Cars are in the parking lot at a private prison in California City as CoreCivic has begun “preliminary activation” of an immigration processing center.
(Claudia Elliott)
Friday’s announcement comes as the Trump administration looks to increase the number of detention centers across the country.
But looming over the administration is the growing number of immigrants who have died while in the custody of federal immigration authorities.
Last year, 33 people died while in the custody of ICE, according to detainee death reports published by the Department of Homeland Security. Some deaths have occurred at facilities in California.
Perez said at least 10 people have died this year so far.
Among them is 48-year-old Alberto Gutierrez-Reyes, a Mexican national, who was detained in January and sent to the Adelanto ICE Processing Center. The father and husband died at a local hospital after repeated cries for help were ignored by the Adelanto staff, according to Chu and the man’s family.
It is the latest death to occurred at the facility. Last year, Ismael Ayala-Uribe, 39, and Gabriel Garcia-Aviles, 56, both Mexican immigrants, died after falling ill at the facility.
The Adelanto facility is facing a federal class-action lawsuit alleging inhumane conditions.
A spokesperson for Geo Group Inc., which operates the Adelanto ICE Processing Center, could not immediately be reached for comment.
SB 995 is named after Masuma Khan, an immigrant from Bangladesh and Eaton fire survivor who was detained in October at the California City Detention Facility, a former prison in the Mojave Desert, some 67 miles east of Bakersfield.
The facility was the subject of a federal class-action lawsuit filed by seven immigrants who alleged inhumane conditions and mistreatment.
Last month, a federal Judge ruled on the case, ordering ICE and Homeland Security to provide “constitutionally adequate healthcare” to people detained at the facility. She also required an external monitor to ensure compliance.
Ryan Gustin, a spokesman for CoreCivic, which operates the facility, told The Times then that they “work closely with our government partner to ensure we are providing all required services and meeting applicable standards.”
Khan said she was kept in frigid conditions, often without warm clothes, appropriate food or access to vital medicine.
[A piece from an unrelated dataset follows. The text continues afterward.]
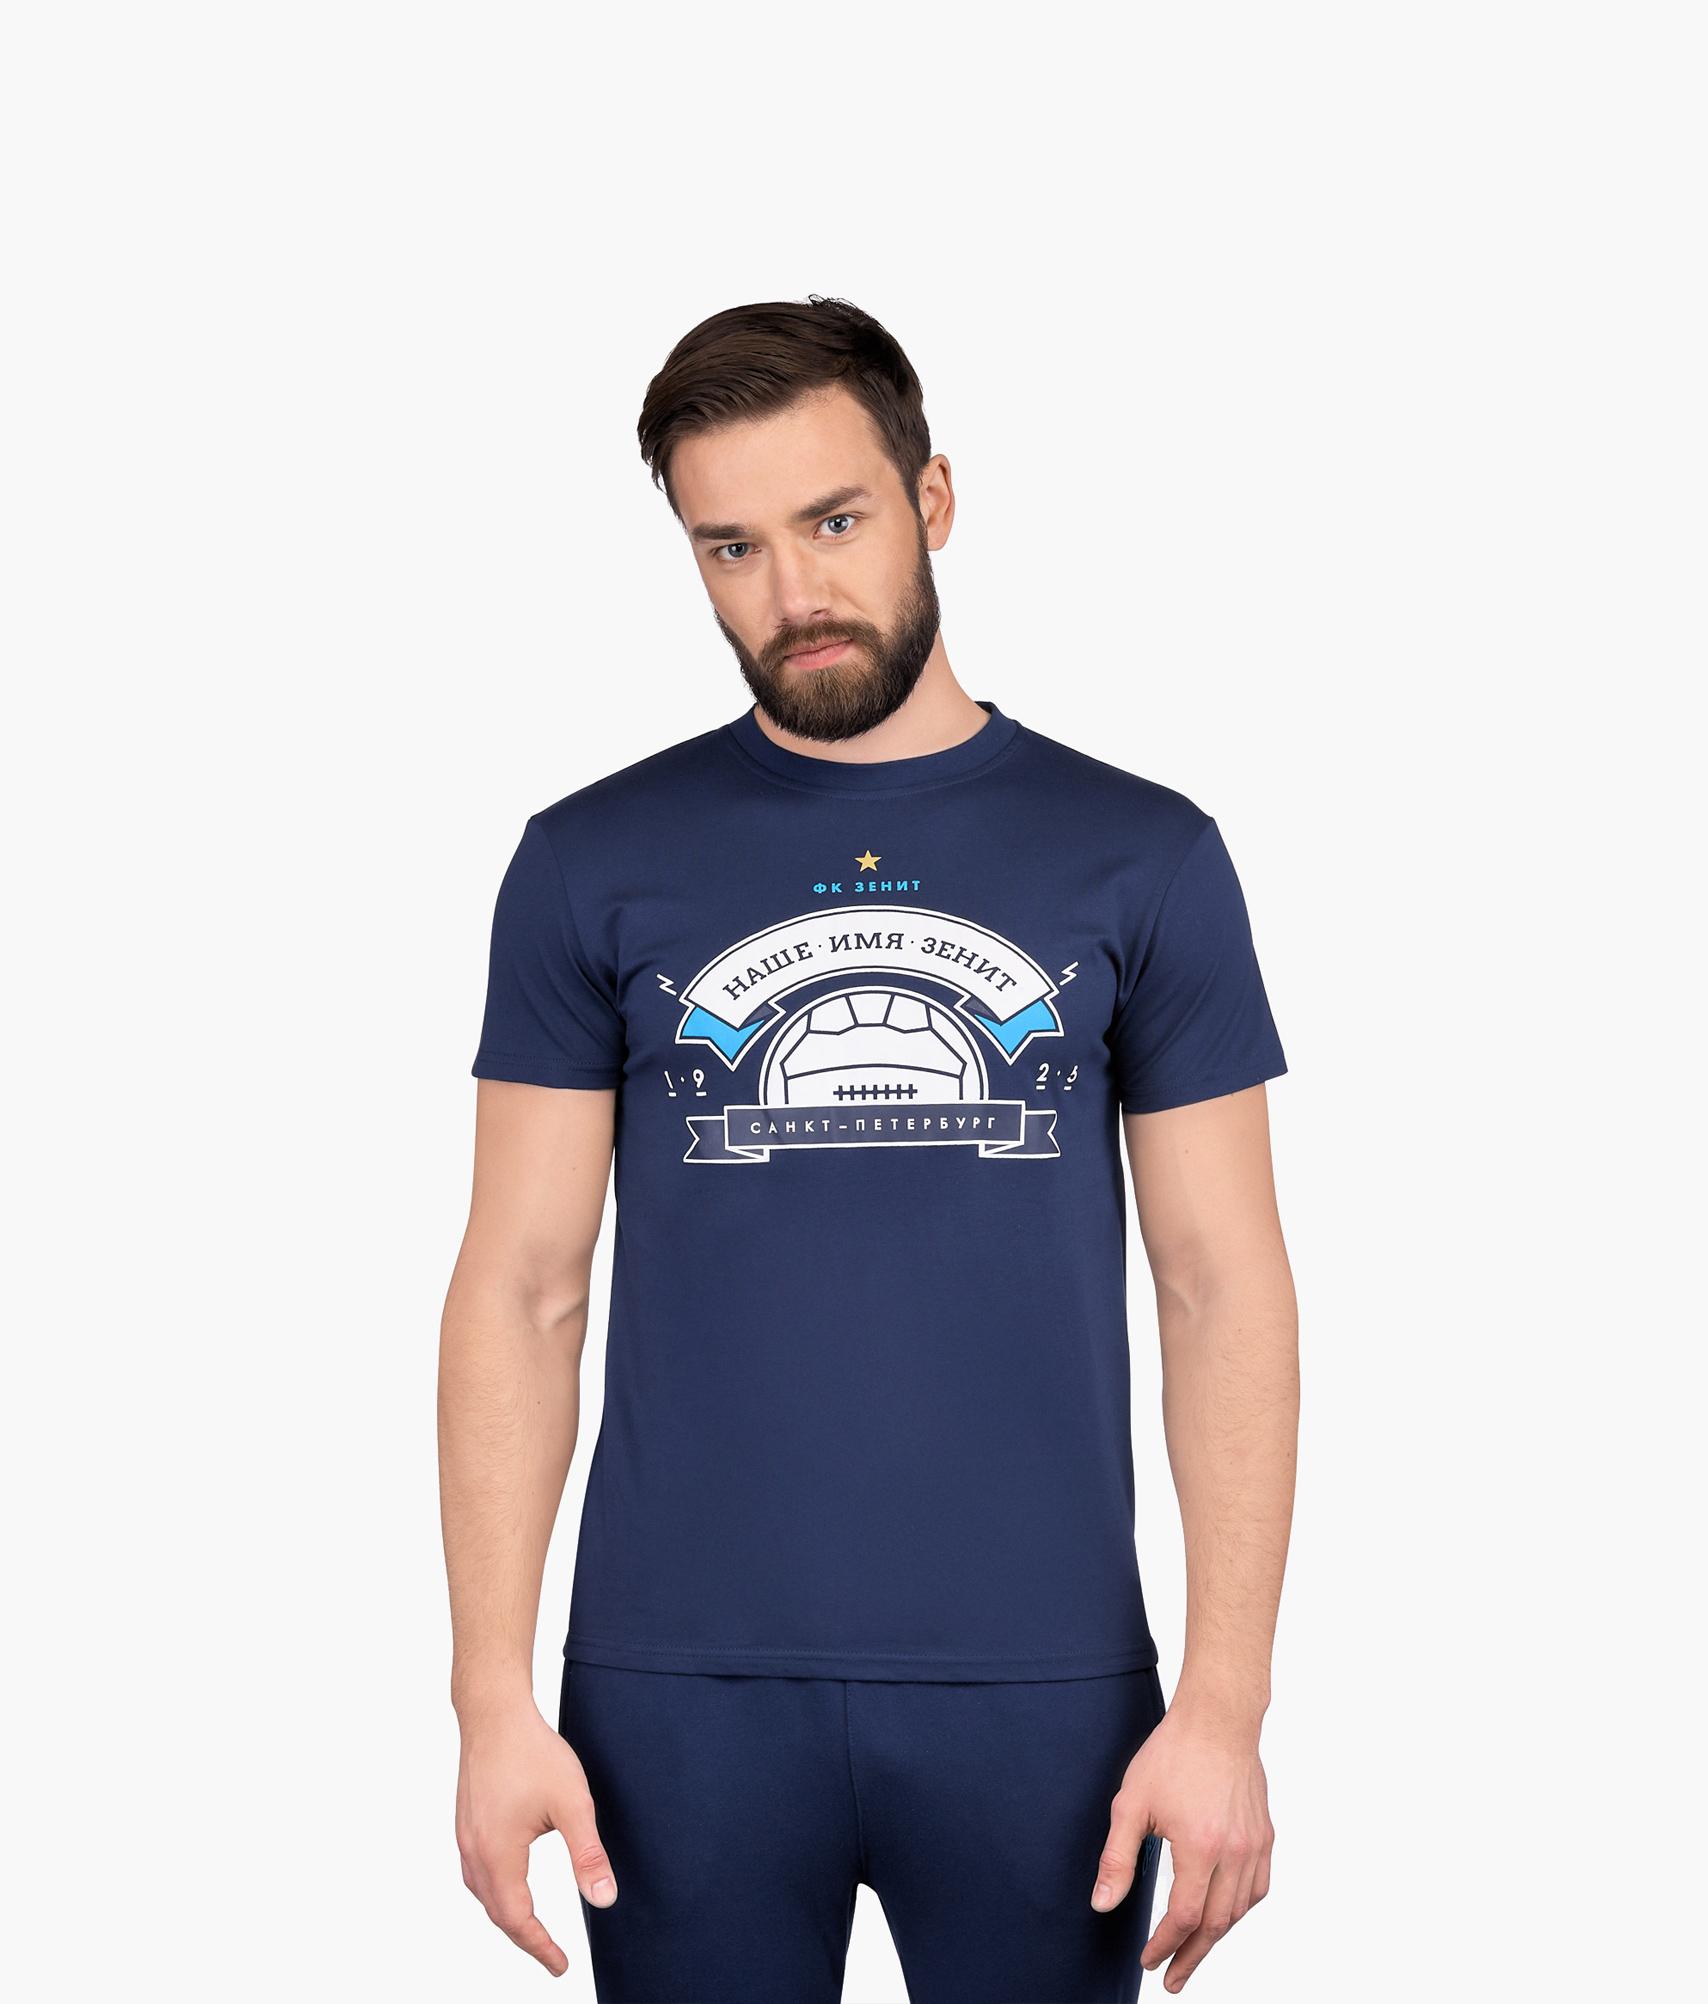 Футболка мужская «Наше имя Зенит» Зенит Цвет-Синий шорты детские зенит цвет синий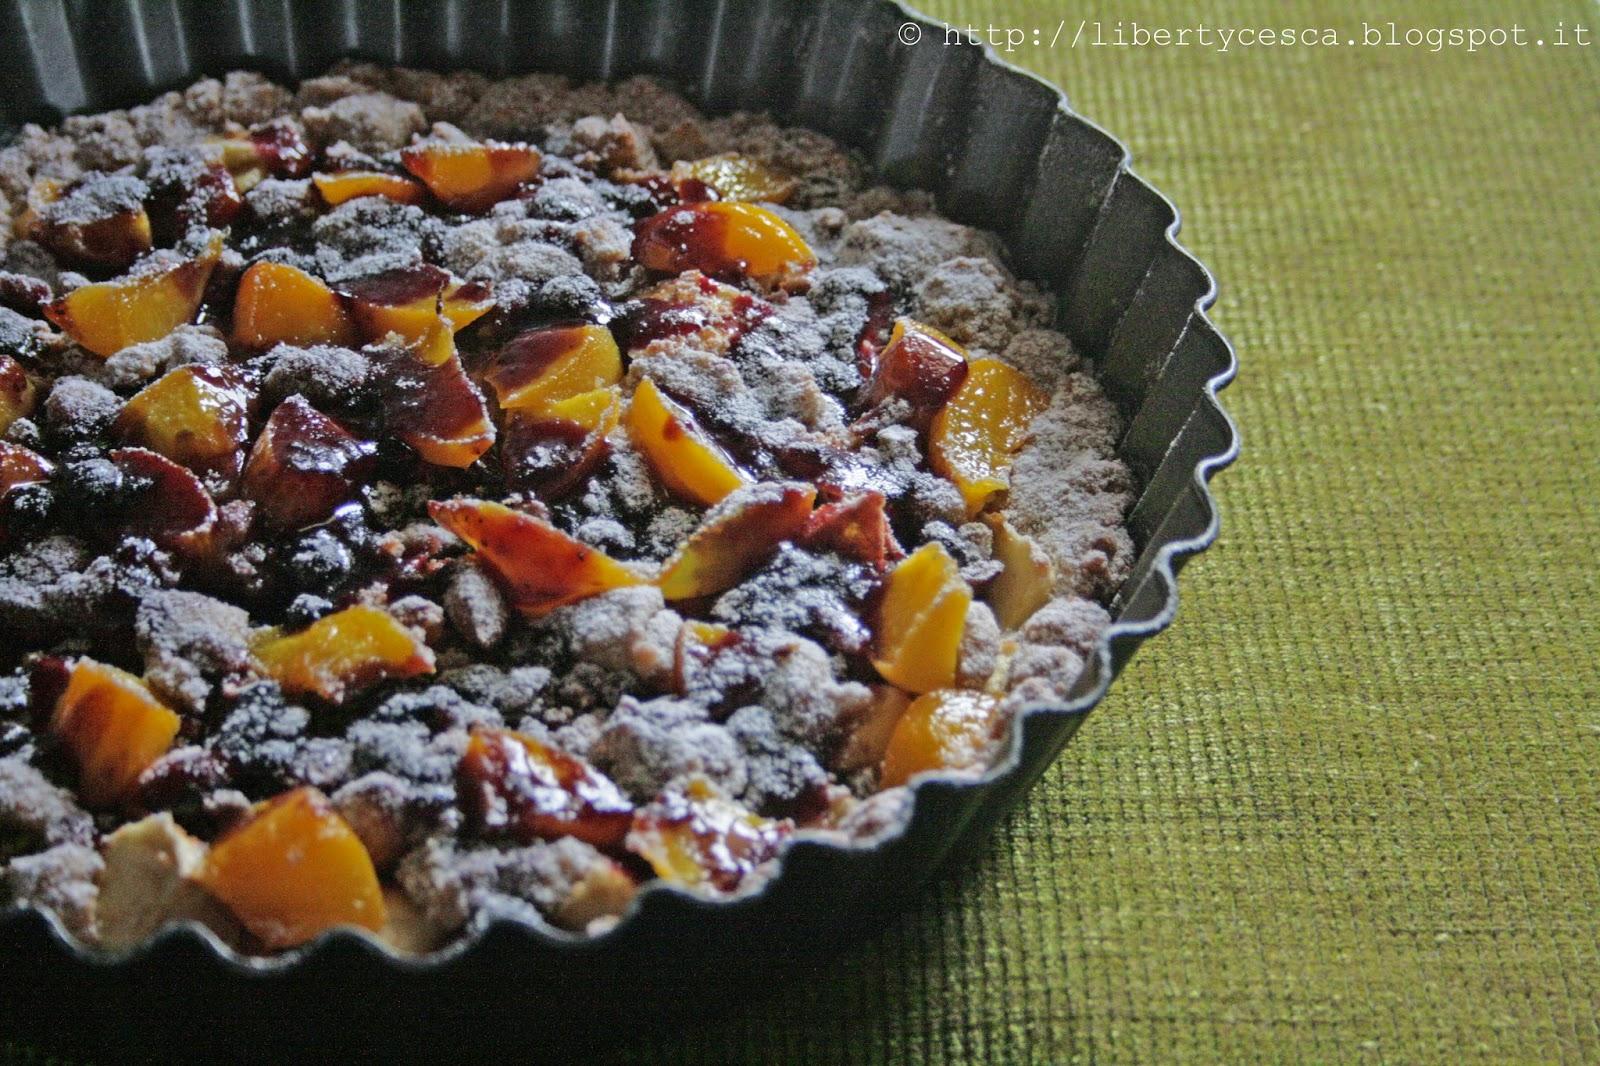 crostata con ripieno di frutta secca, mele e pesche sciroppate / tart with dried mixed fruit, apples and peaches in syrup

In November, a federal judge ordered Khan be released and blocked her detention until the court could consider the government’s argument on why it needed to detain her.
Masuma’s daugther, Riya Kahn, said she feared losing her mother when she was being held at the detention center.
“This has been one of the most difficult journeys of our lives,” she said.
Masuma Khan, right, and her daughter Riya, left, attend a news conference announcing the introduction of SB 995, dubbed the Masuma Khan Justice Act, at the California Community Foundation in downtown Los Angeles on Friday.
(Christina House / Los Angeles Times)
Hector Villagra of the Mexican American Legal Defense and Educational Fund said SB 995 was carefully crafted so that it is constitutional and does not intrude on federal authority.
“What it says is if you want to operate a facility that holds people involuntarily, if it is above a certain size, then it has to meet basic standards for air and food quality, for temperature and occupancy and fire safety,” he said. “It says that these apply to no matter who you are, no matter who you contract with.”
Angelica Salas, executive director of the Coalition for Humane Immigrant Rights (CHIRLA) and who is also co-sponsoring the bill, said the state must employ its policing powers to ensure residents in detention centers have access to basic necessities, care and safety.
“It is unconscionable to continue to operate these facilities without oversight given the unprecedented numbers of individuals detained in our state,” she said
Perez said the bill, dubbed the Masuma Khan Justice Act, might begin the legislative process by mid-May.